Telomerase Gene Therapy Extends Mouse Lifespan by 24%
Inducing cells to express telomerase, the enzyme which is supposed to slow down the metabolic clock, has enabled researchers boost the lifespan of mouse by 24% with a single treatment.
The scientists published their findings in the journal EMBO Molecular Medicine. The gene therapy acts on specific genes and is applied in adult life, not from the embryonic stage. Researchers at the Spanish National Cancer Research Center (CNIO) have demonstrated that the mouse lifespan can be extended by the application of one treatment acting directly on the animal’s genes in adult life. The therapy has been found to be safe and effective in mice.

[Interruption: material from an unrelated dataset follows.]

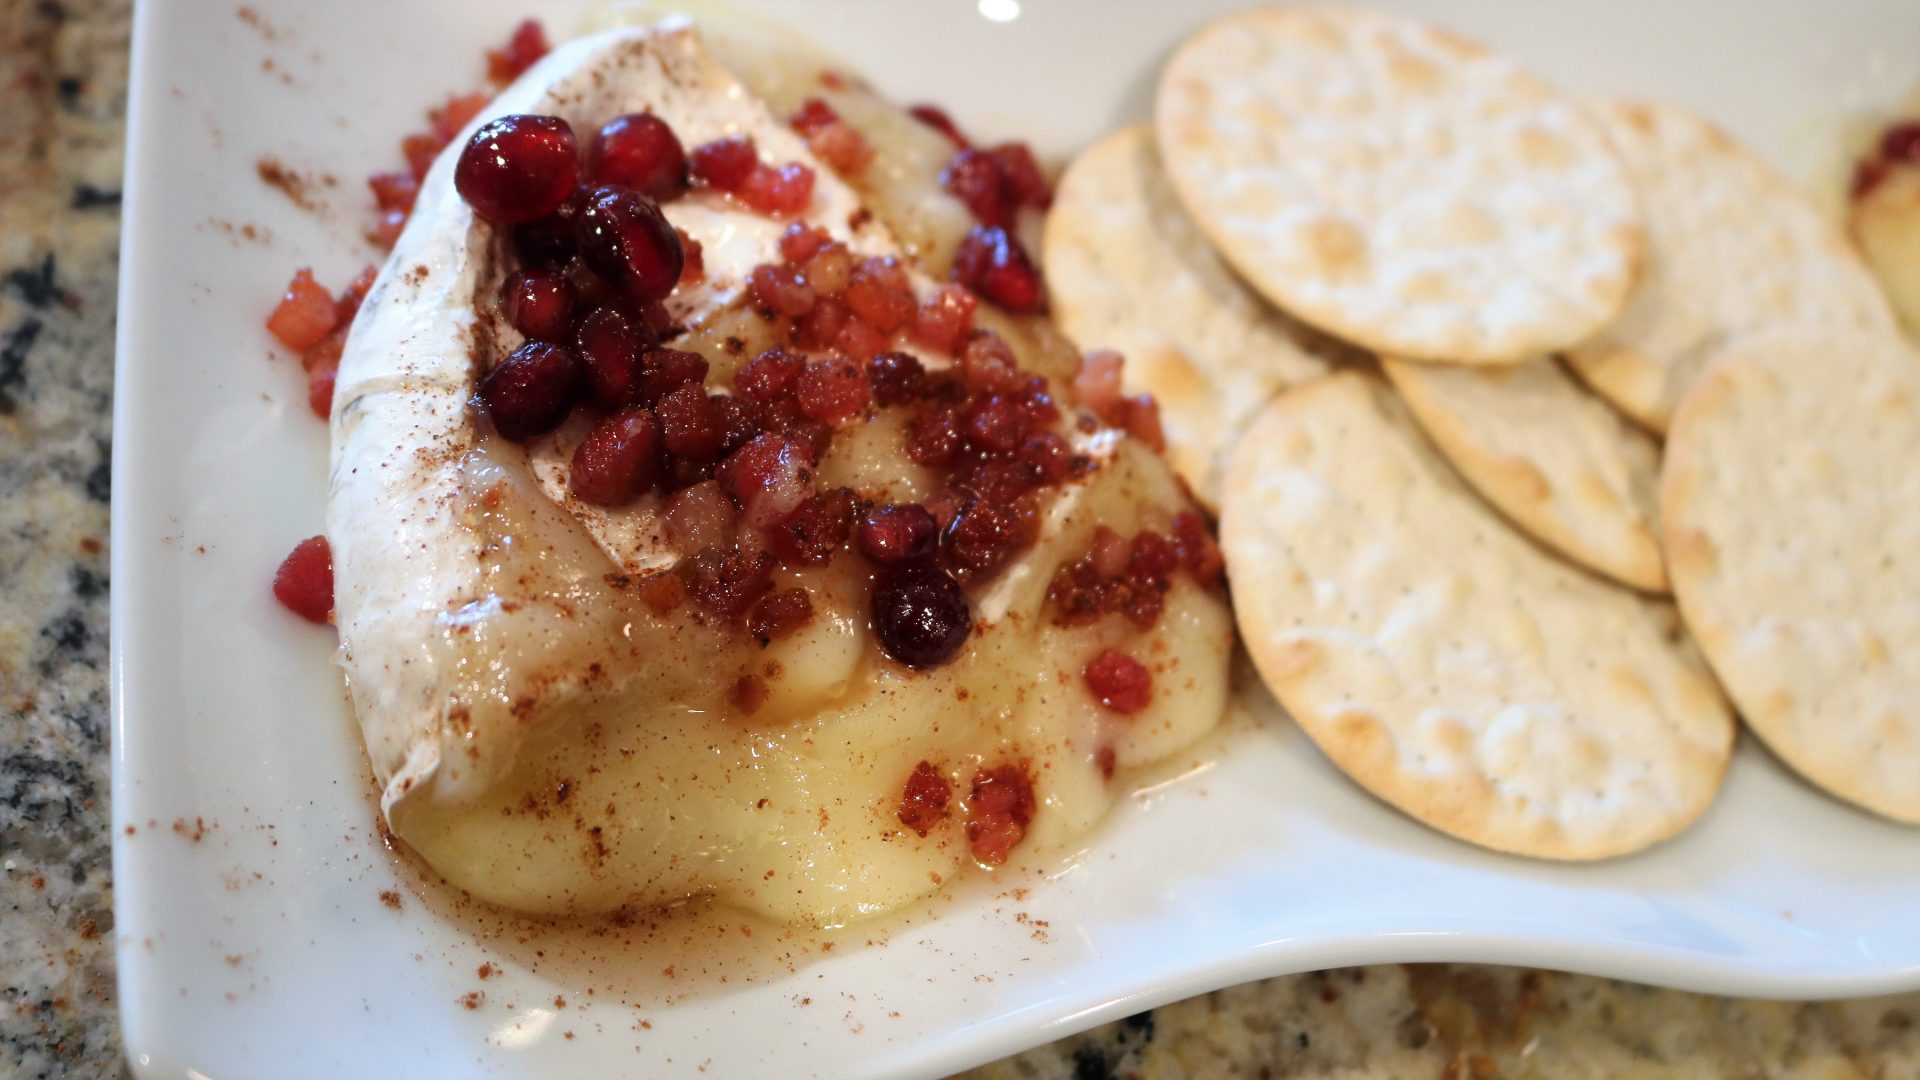 A plate of food with crackers and cranberry sauce.
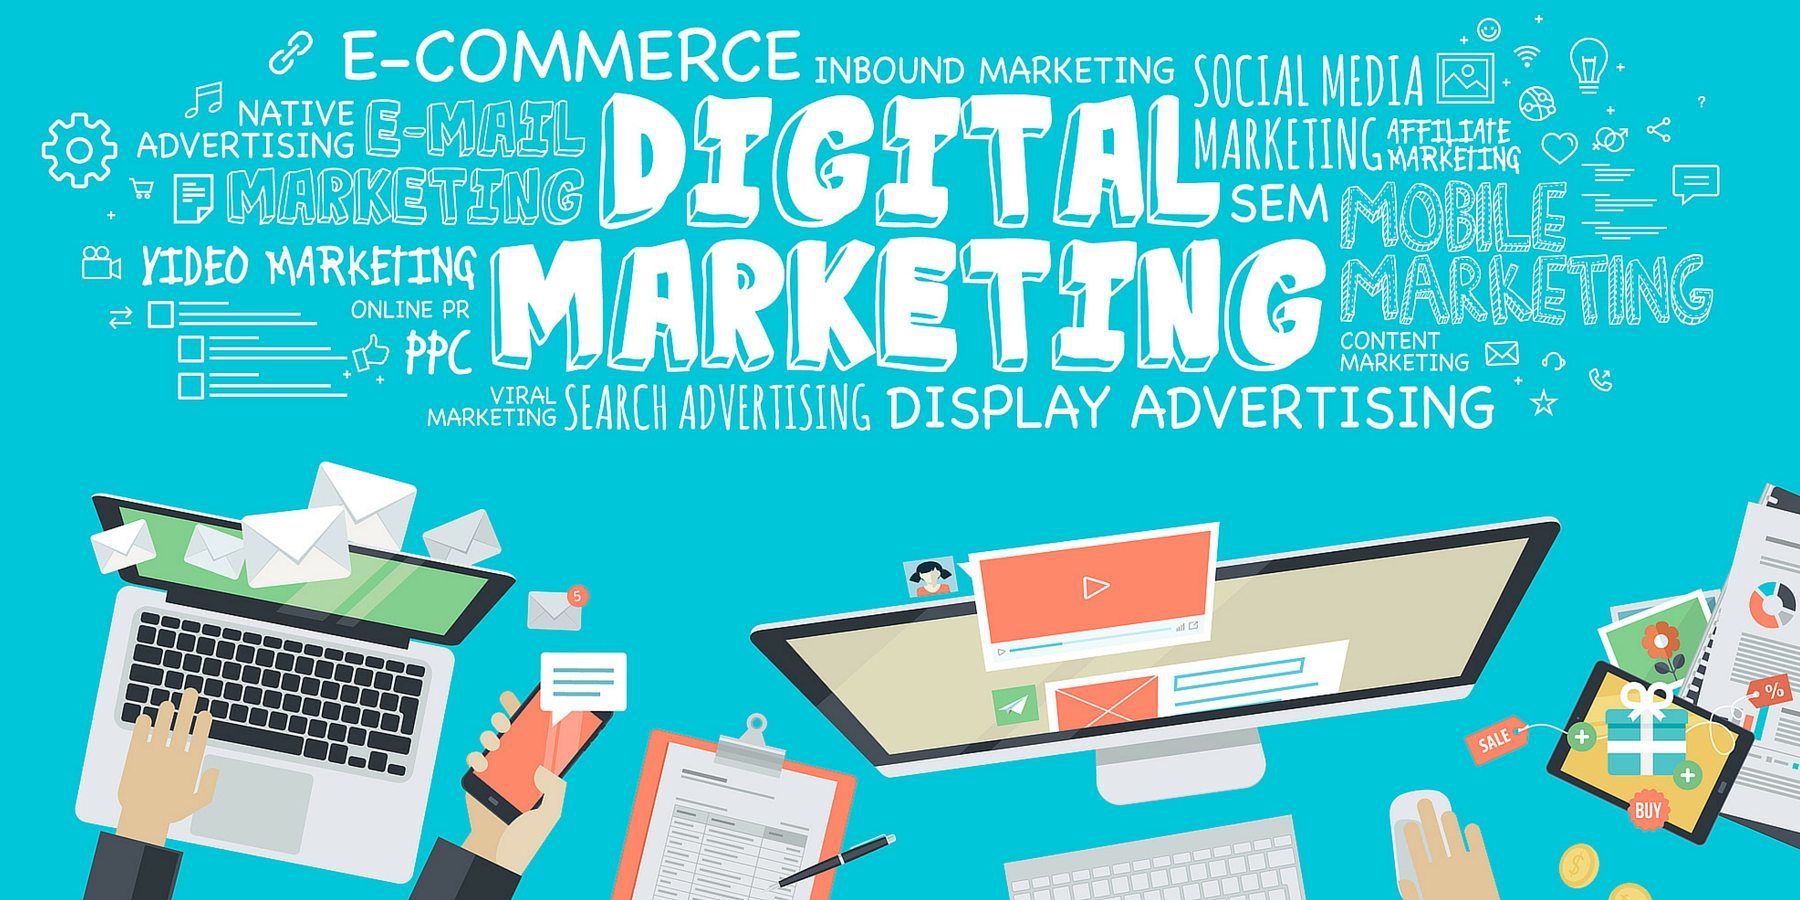 what-to-look-for-when-hiring-a-digital-marketing-agency.jpg

Adult and aged mice were treated with the gene therapy, delivering a rejuvenating effect. On average, the mice lived 24% longer. The older mice lived 13% longer. The therapy produces an appreciable improvement on the animal’s health and delayed the onset of age-related diseases.
The genes were treated with a DNA-modified virus. The viral genes were replaced by those of the telomerase enzyme, which plays a key role in aging. Telomerase repairs the extreme ends of chromosomes, and slows the cells and therefore the body’s biological clock.
There is a potential to develop a telomerase-based anti-aging gene therapy that won’t increase the risk of cancer. Telomeres are the caps that protect the end of chromosomes, but each time the cell divides, the telomeres get shorter until they lose all functionality. The cell then stops dividing or dies. Telomerase prevents telomeres from shortening or even rebuilding them.
In most cells, telomerase is only active before birth. The cells of adult organisms contain no telomerase. There are some exceptions such as adult stem cells and cancer cells, which divide limitlessly and could be immortal.
The risk of cancer tumor promotion is a risk that has set back telomerase-based anti-aging therapies. The kind of virus employed to carry the telomerase gene to the cells is very important. The viruses used is in this study have been successfully used in gene therapy treatment of hemophilia and eye disease. They are non-replicating viruses derived from others that are non-pathogenic in humans.